Chicago wheat futures edged lower on Thursday, as hopes for strong U.S. yields took the edge off worries about crop losses in top exporter Russia, which had driven prices to 10-month highs this week.
The most-active wheat contract on the Chicago Board of Trade (CBOT) fell 0.2% to $6.64-3/4 per bushel, after reaching as high as $6.97 per bushel in volatile trading on Wednesday.
While Russia’s consultancy Sovecon has cut its forecast for Russia’s 2024 wheat harvest to 85.7 million metric tons from 93 million tons due to dry weather and frosts, analysts believe this downgrade may be too large and that the recent price rally has gone too far.
“In the near term, there’s plenty of grain,” said Ole Houe at IKON Commodities in Sydney. “I think we will see more downside in the next 3-4 days.”
Supporting this view, the first results of the Wheat Quality Council’s tour in Kansas projected an average yield in the northern part of the state of 49.9 bushels per acre for hard red winter wheat, the highest in three years. Yields in southwestern Kansas were also projected to be higher at 42.4 bushels per acre, up from a drought-reduced 27.6 in 2023.
Soybean futures inched up 0.2% to $12.15-1/2 per bushel, as concerns over flooding in Brazil offset data showing lower demand for beans from U.S. soy processors.

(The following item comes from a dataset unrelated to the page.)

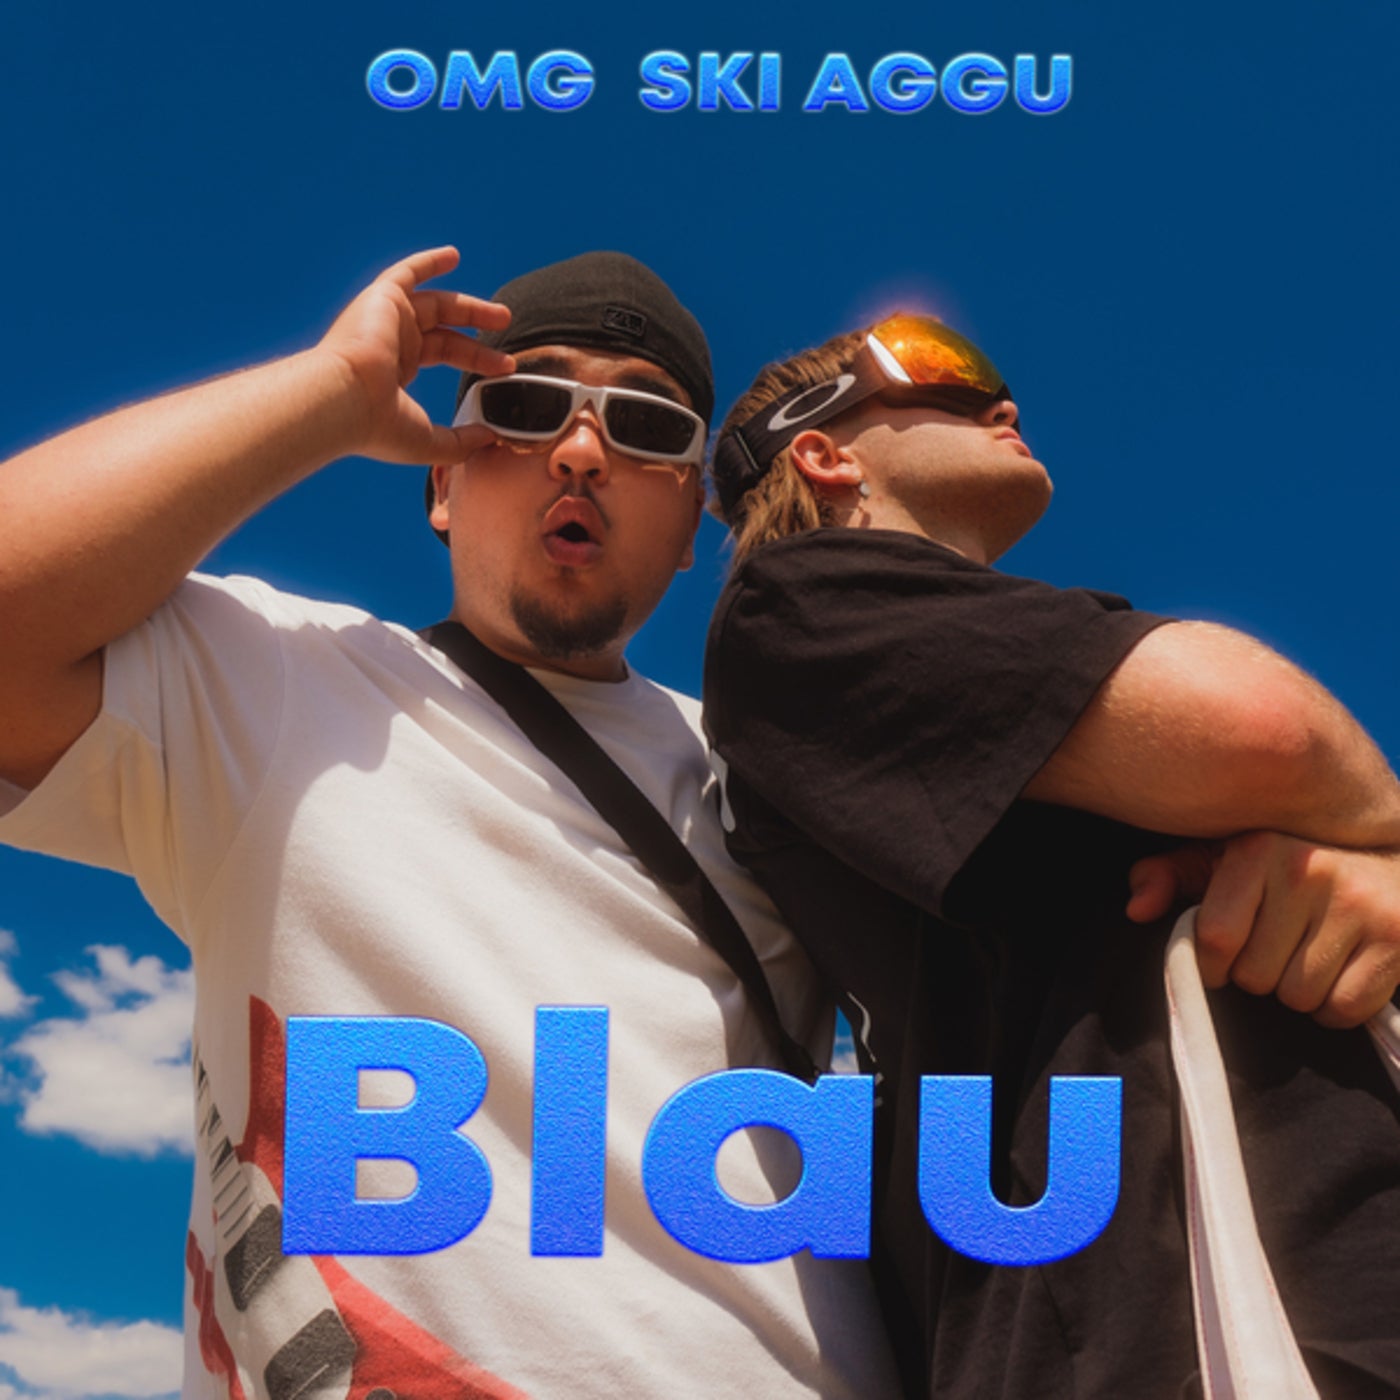 Blau by OMG and Ski Aggu on Beatsource

Corn also rose slightly by 0.1% to $4.62-3/4 per bushel, despite forecasts of drier weather in the U.S. Midwest that is favorable for planting.
Commodity funds were net sellers of CBOT wheat, corn and soybeans on Wednesday, but speculators have sharply reduced their net short positions in all three markets in recent weeks, helping to lift prices from their 2023 lows.